Natural, it looks like your shooting very well with that Ring Shooter and it sounds like it was hitting hard. What size tube came with it? When I order again from Flint I will see if he can get one of those for me. I think it is a must have for anyone who shoots with tubes. It looks like it might even be smaller than my smallest shooter and that would be 2 inches across the top and 3 7/8 in length. 
Thanks for the Video.


----------



## wd40 (Jul 19, 2010)

Pretty sweet, indeed!!

I like it. And great video.

Fun is fun.

Thanks for posting.

WD40


----------



## M.J (Nov 1, 2010)

Wow! Is that a slingshot or a key ring? That's really little.
Looks like you're enjoying it. Good stuff!


----------



## e~shot (Jun 3, 2010)

Nice shooting Ray..

BTW, I can see some weight loss of you


----------



## NaturalFork (Jan 21, 2010)

e~shot said:


> Nice shooting Ray..
> 
> BTW, I can see some weight loss of you


I have lost a few. I am starting a program next month to help out. Riding the bike 10 miles a day doesnt hurt either. THanks E. I have struggled with weight for a long time. But I am making changes now. Wish me luck.


----------



## Nico (Sep 10, 2010)

haha thats a cool little slingshot..


----------



## philly (Jun 13, 2010)

Cool Ray, that takes Poaching to a new level. I might have to get one.
Philly


----------



## shooter452 (Nov 6, 2010)

Thanks for posting this. I ordered one june 2 and now I can't wait!


----------



## slingshot_sniper (Feb 20, 2011)

Nice I like,and I like where you live too


----------



## whipcrackdeadbunny (May 22, 2010)

Pretty small is an understatement I think.


----------



## dgui (Jan 12, 2010)

The L Ring will likely become the most accurate shooter on the market provided there is enough interest in trying it out. It appears to be as close as one can shoot to the hand and still have something holding the tubes.


----------



## slingshot_sniper (Feb 20, 2011)

dgui said:


> The L Ring will likely become the most accurate shooter on the market provided there is enough interest in trying it out. It appears to be as close as one can shoot to the hand and still have something holding the tubes.

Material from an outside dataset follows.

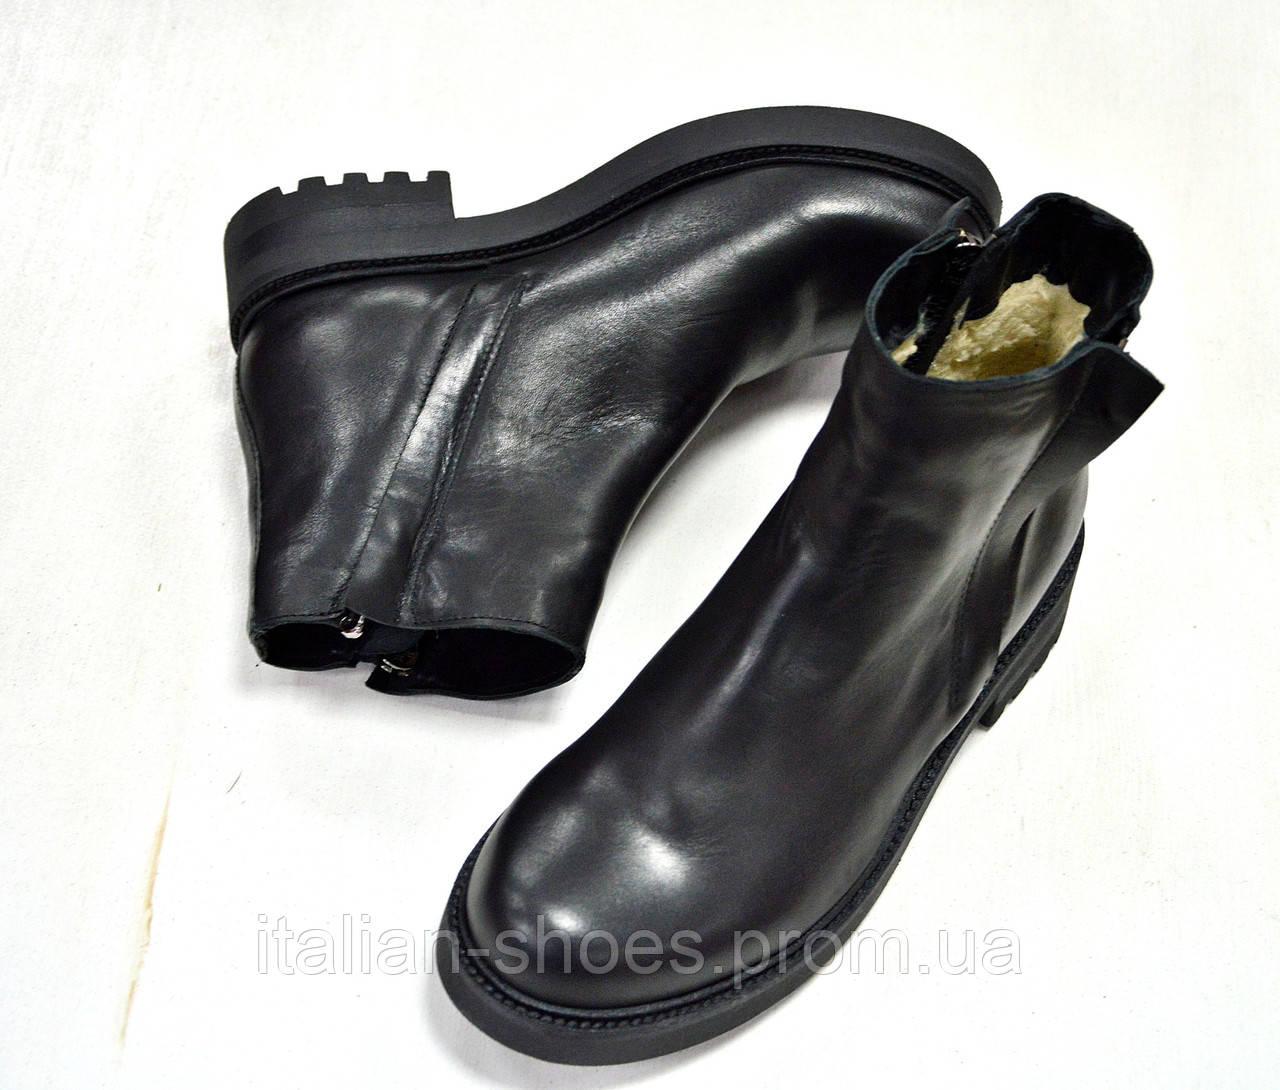 Зимние кожаные ботинки к-751

I agree Darrell I'm going to get one once I can save up enough funds


----------



## NaturalFork (Jan 21, 2010)

going to make a 20 yard video tonight if i can. I am loving this slingshot. And you are right DGUI the closer to the hand DOES make a huge difference in accuracy I have found.


----------



## dgui (Jan 12, 2010)

NaturalFork said:


> going to make a 20 yard video tonight if i can. I am loving this slingshot. And you are right DGUI the closer to the hand DOES make a huge difference in accuracy I have found.


Hey Natural Fork, It appears you have ligitimized the area of super small slingshots and since they are manufacutred by a ligitimate company they now have relevance and ultimately a higher degree of acceptance within the SlingShot Community.


----------



## Simon uk (May 9, 2011)

Looks good. if Steve from catapults.co gets some in I'll certainly be ordering one


----------



## philly (Jun 13, 2010)

dgui said:


> going to make a 20 yard video tonight if i can. I am loving this slingshot. And you are right DGUI the closer to the hand DOES make a huge difference in accuracy I have found.

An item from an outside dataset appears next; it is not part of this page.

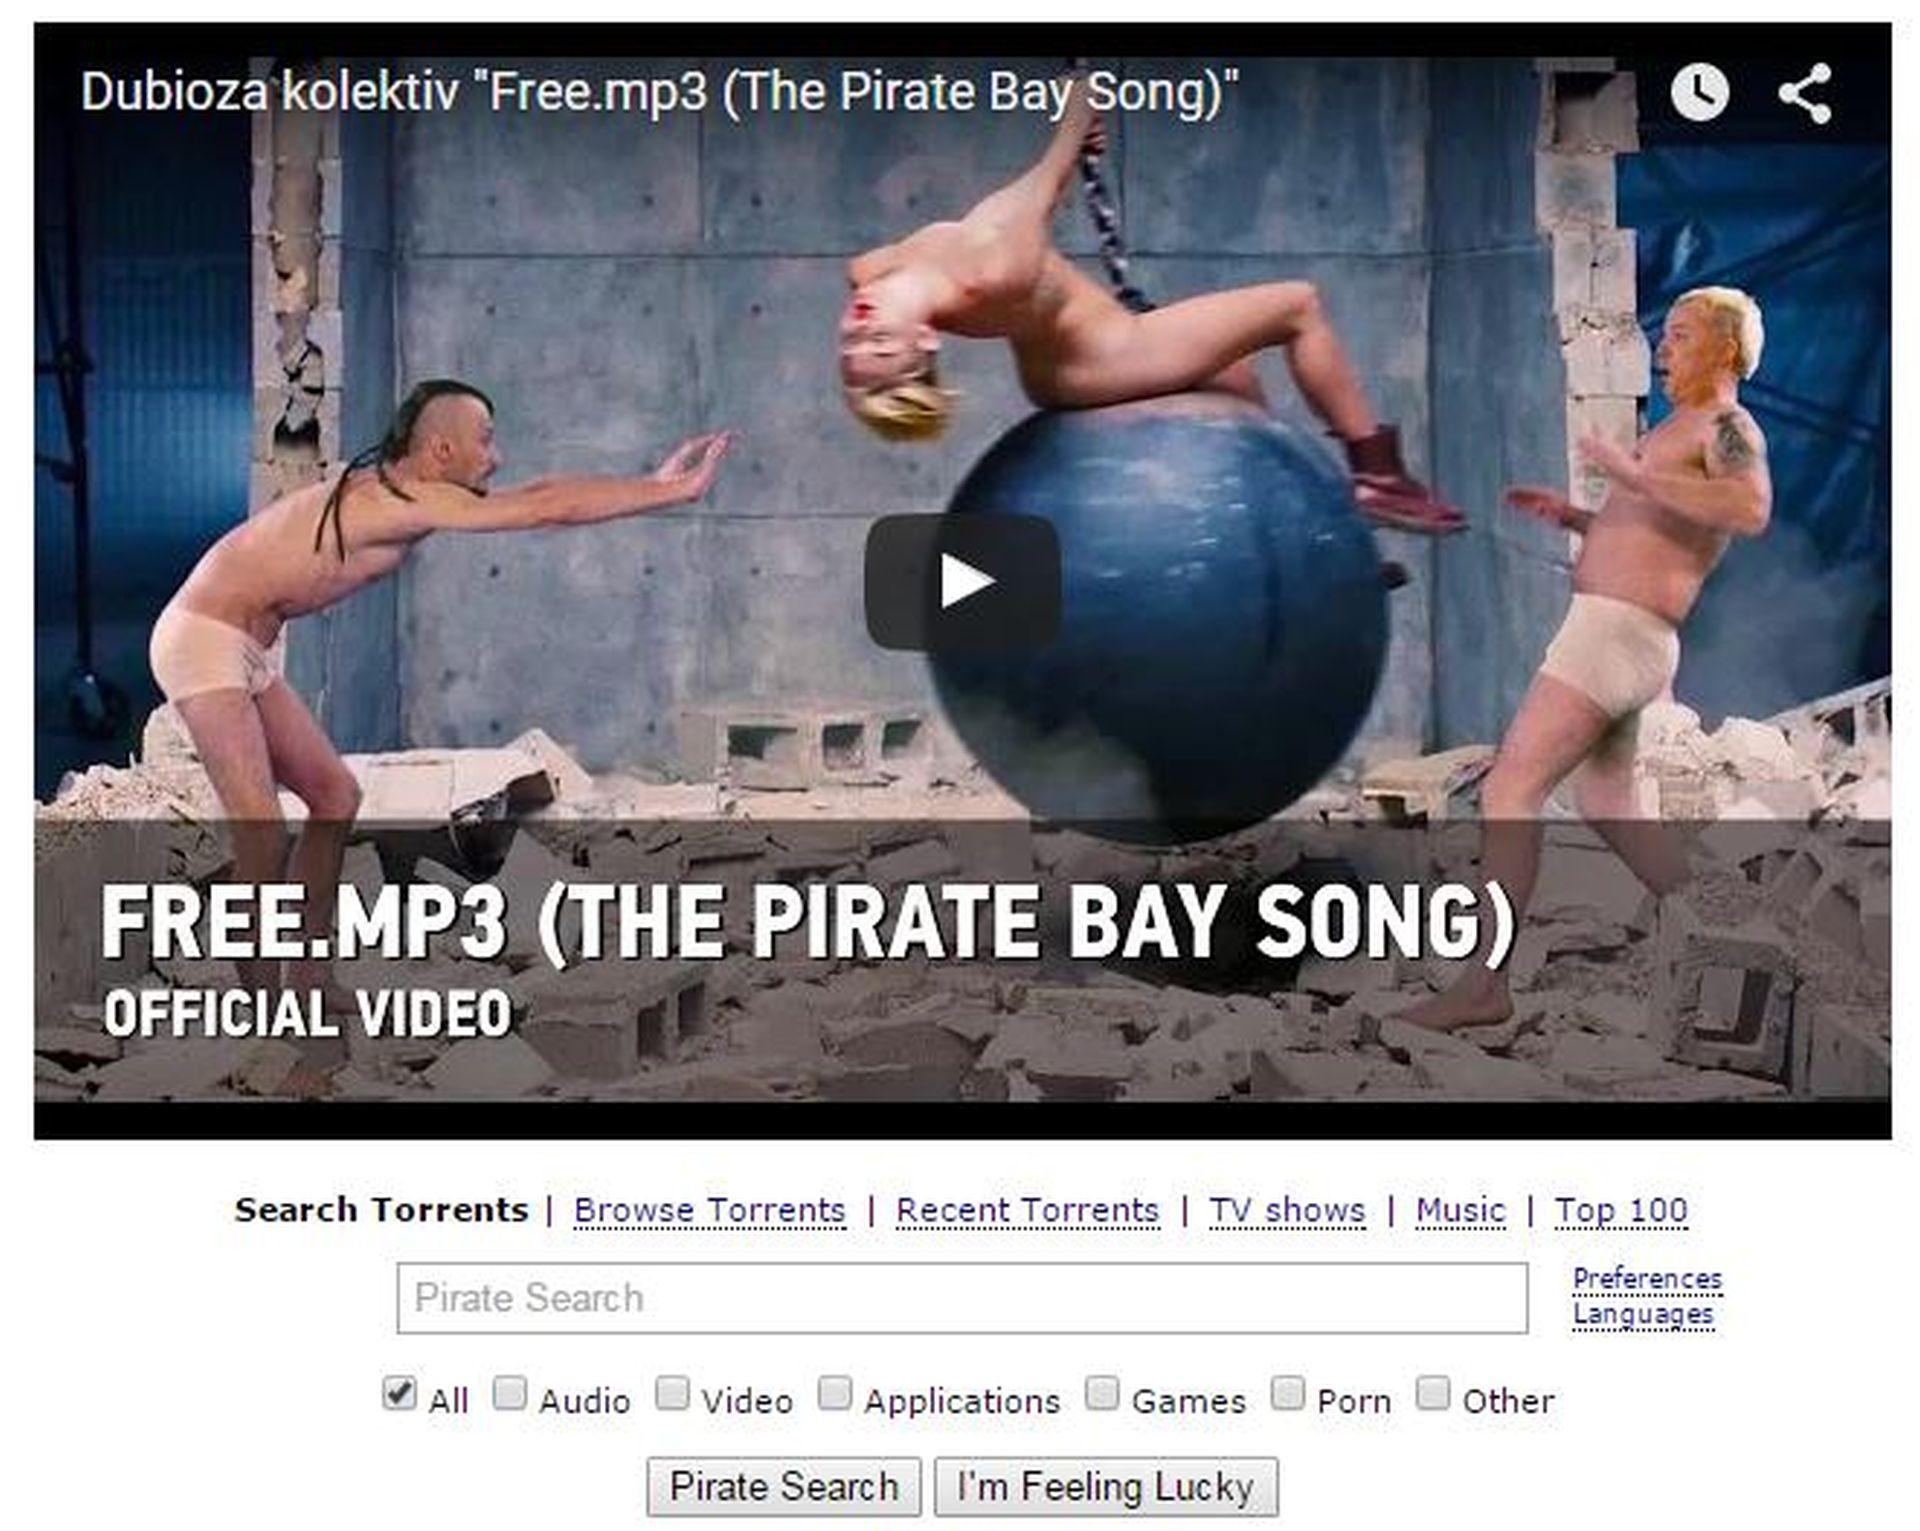 VIDEO: FREE.MP3 NA POČETNOJ STRANICI PIRATE BAYJA Dubioza kolektiv novom pjesmom osvaja svijet

Hey Natural Fork, It appears you have ligitimized the area of super small slingshots and since they are manufacutred by a ligitimate company they now have relevance and ultimately a higher degree of acceptance within the SlingShot Community. 
[/quote]

Hey Darell, your style is now going mainstream, I've made four PFS so far, gave two away as gifts and kept two for my self. Great design. I am sure Dankung's new Ring shooter was inspired by your small and efficient PF. Nobody shoots the PF like you do. Thanks for starting the PFS REVOLUTION.
Philly


----------



## As8MaN (Mar 6, 2011)

Where can i buy 1 ? how much does it cost







??

And btw, nice vid mate!


----------



## dgui (Jan 12, 2010)

As8MaN said:


> Where can i buy 1 ? how much does it cost
> 
> 
> 
> ...


Check Luck Rings at Dankung Slingshots


----------



## lightgeoduck (Apr 3, 2011)

You should change your name to ForkReviewer









Excellent review, and great plinking.

LGD


----------



## Hrawk (Oct 25, 2010)

Great vid man! Thanks for sharing









Must . . . resist . . . urge . . . to . . . buy . . . yet . . . another . . . slingshot . . .

Oh wait, too late, it's on its way already


----------



## dgui (Jan 12, 2010)

Hrawk said:


> Great vid man! Thanks for sharing
> 
> 
> 
> ...


Hrank, I don't even try to resist the urge and just go right to Give In, it saves time.


----------



## dallasdeadeye (May 22, 2011)

man i bet that slingshot with 5/16s ammo would be a great edc slingshot.


----------



## Kira620 (Apr 28, 2013)

hey peeps!!! I'm looking to get one of two slingshots; the luck rings or the snail. I like small/solid slingshots and prefer the target shooting style(?)... I'd really like ur opinions on this!


----------



## All Buns Glazing (Apr 22, 2012)

I own a luck rings ergo and I'm very happy with it. It's bigger than the luck rings, but still solid and very, VERY pocketable. I can recommend the luck rings ergo, not having tried the snail.


----------



## trobbie66 (May 13, 2012)

I had the same decision to make, and decided on the luck ring. I think there is more freedom of grip style than the snail. If you wrap the luck ring with a line about half the size of paracord, its way easier to hold firmly.It is now my EDC.The size lends itself to being easily tucked away in a pocket,or even your waistband. Though both cattys are cool ,I think the luck ring is just a bit more versatile. Good LUCK......


----------



## whippetlad (Aug 29, 2013)

Really wanted one of these tried ordering one from ebay but didn't arrive so I cancelled the order is it really worth having? I want it as a everyday carry catty?


----------



## All Buns Glazing (Apr 22, 2012)

Get from dankung.com. eBay ones will be cheap knock offs. There's probably people here who will want to sell one?


----------